By setting random_state=0 we are making sure that, even though our dataset is randomly shuffled by the train_test_split function, we can reproduce our results by using the same fixed seed for the random number generator (in this case 0). 

In [14]:
print("X_train shape: ", X_train.shape)
print("y_train shape: ", y_train.shape)

X_train shape:  (112, 4)
y_train shape:  (112,)


In [15]:
print("X_test shape: ", X_test.shape)
print("y_test shape: ", y_test.shape)

X_test shape:  (38, 4)
y_test shape:  (38,)



### Part 4: Creating our first model: K Nearest Neighbours
We will now learn how to build a classification model for the iris dataset with the use of the k nearest neighbours algorithm.

Building the model
To build a k nearest neighbours model, we will use the KNeighborsClassifier class from the sklearn.neighbors module


In [17]:
from sklearn.neighbors import KNeighborsClassifier
knn = KNeighborsClassifier(n_neighbors=1)

In [18]:
knn.fit(X_train, y_train)

KNeighborsClassifier(n_neighbors=1)

In [19]:
#Evaluating the model
print("Test set score: ", knn.score(X_test, y_test))

Test set score:  0.9736842105263158


In [20]:
# to get the value of accuracy rounded to two or three decimal places, then all you would need to do is change {:.3f} to {:.2f}.

print("Test set score rounded to three decimal places: {:.3f}".format(knn.score(X_test, y_test)))

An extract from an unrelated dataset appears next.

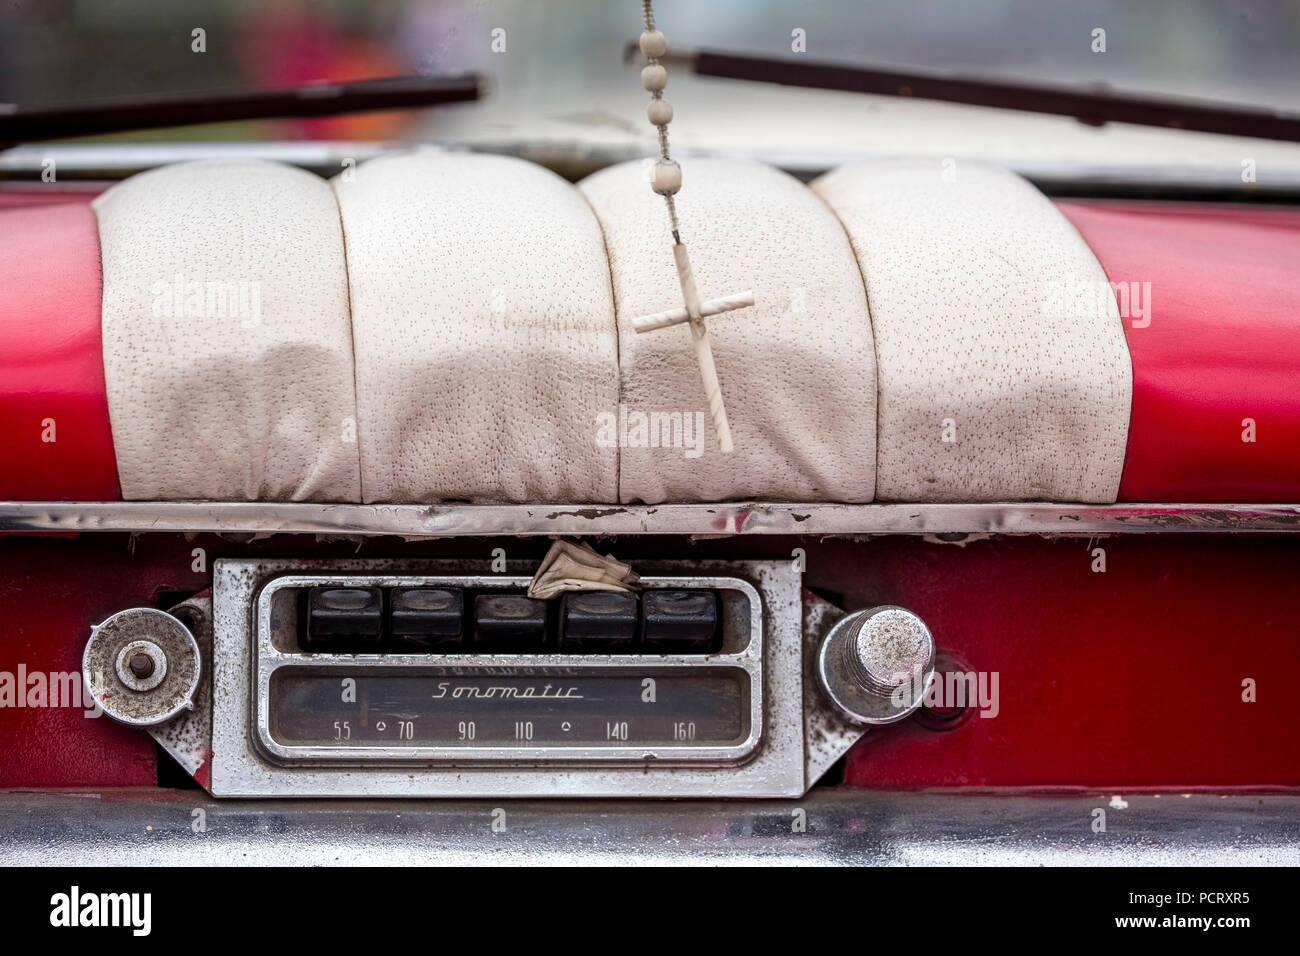 Old Sonnomatic car radio in the dashboard of an old Buick street cruiser, vintage cars in the street scene, old American street cruisers on the streets of Havana, taxi, La Habana, Havana, La Habana, Cuba, Cuba Stock Photo

Test set score rounded to three decimal places: 0.974


Using the model to make predictions
We will now use our model to make a prediction about a previously unseen iris flower case. We will first import the numpy libary, then we will specify the previously unseen iris flower case (we'll call it X_new) and finally we will use the predict method on X_new to get the prediction (we'll call the result prediction, but we could use any name we want).

In [32]:
import numpy as np
X_new = np.array([[5.3, 2.7, 1, 0.3]])
prediction = knn.predict(X_new)

print("Prediction label: ", prediction)
print("Predicted target name: ", iris_dataset['target_names'][prediction])

Prediction label:  [0]
Predicted target name:  ['setosa']


According to this output, the prediction for case X_new is setosa.
### Decision Trees

In [33]:
from sklearn.model_selection import train_test_split
X_train, X_test, y_train, y_test = train_test_split(
    iris_dataset['data'], iris_dataset['target'], random_state=7)

In [34]:
from sklearn.tree import DecisionTreeClassifier
tree = DecisionTreeClassifier(random_state=12)
tree.fit(X_train, y_train)

DecisionTreeClassifier(random_state=12)

In [35]:
print("Accuracy on training set: ", tree.score(X_train, y_train))
print("Accuracy on test set: ", tree.score(X_test, y_test))

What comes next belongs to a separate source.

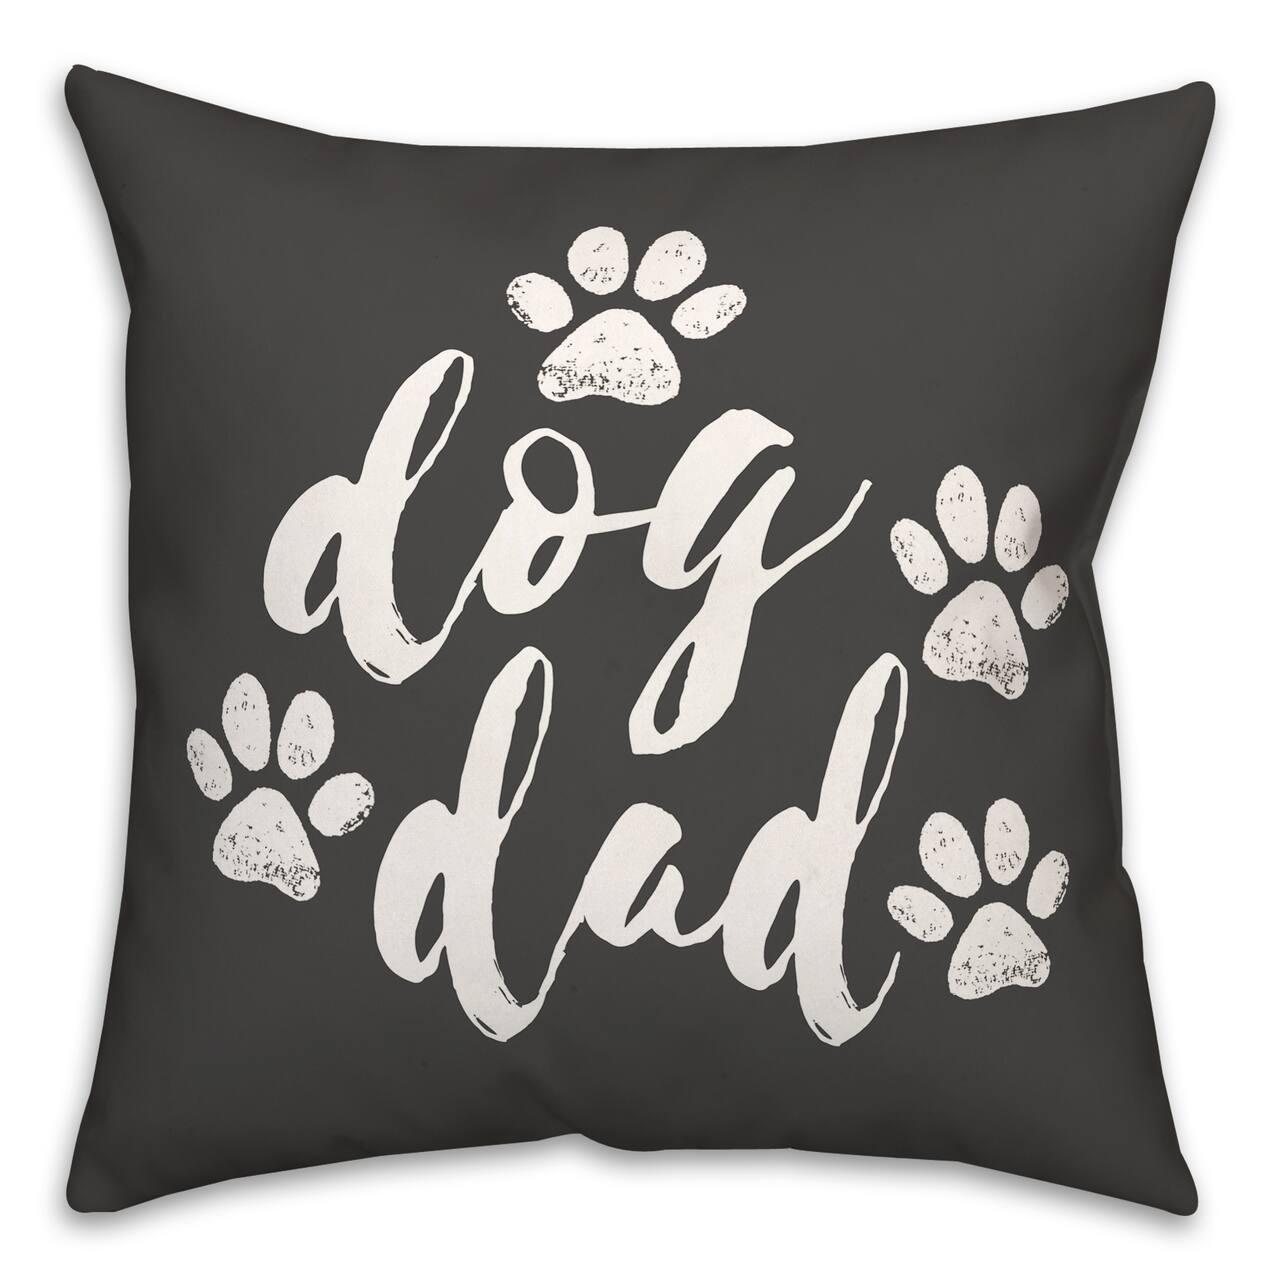 Dog Dad Paws Throw Pillow

Accuracy on training set:  1.0
Accuracy on test set:  0.8947368421052632


The decision tree built has accuracy 100% on the training dataset. This means that our decision tree is over-fitting the training data.

In order to avoid overfitting (and hopefully improve the accuracy of the model on test data), we can stop before the entire tree is created. We can do this by setting the maximal depth of the tree.

In [36]:
from sklearn.tree import DecisionTreeClassifier
tree = DecisionTreeClassifier(max_depth=3, random_state=12)
tree.fit(X_train, y_train)

print("Accuracy on training set: ", tree.score(X_train, y_train))
print("Accuracy on test set: ", tree.score(X_test, y_test))

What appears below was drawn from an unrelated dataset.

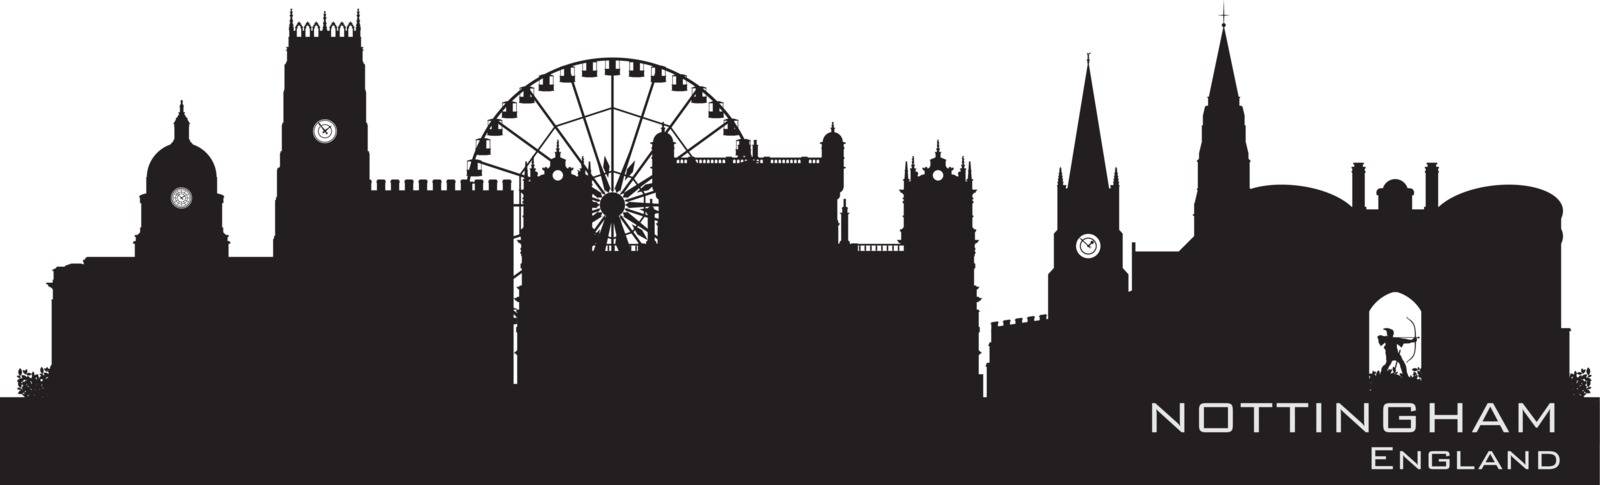 Nottingham, England skyline. Detailed silhouette. Vector illustration

Accuracy on training set:  0.9910714285714286
Accuracy on test set:  0.9210526315789473


In [37]:
prediction = tree.predict(X_new)

print("Prediction label: ", prediction)
print("Predicted target name: ", iris_dataset['target_names'][prediction])

Prediction label:  [0]
Predicted target name:  ['setosa']


According to this output, the prediction for case X_new is setosa. This prediction is in line with the prediction that we got using the K Nearest Neighbours classifier.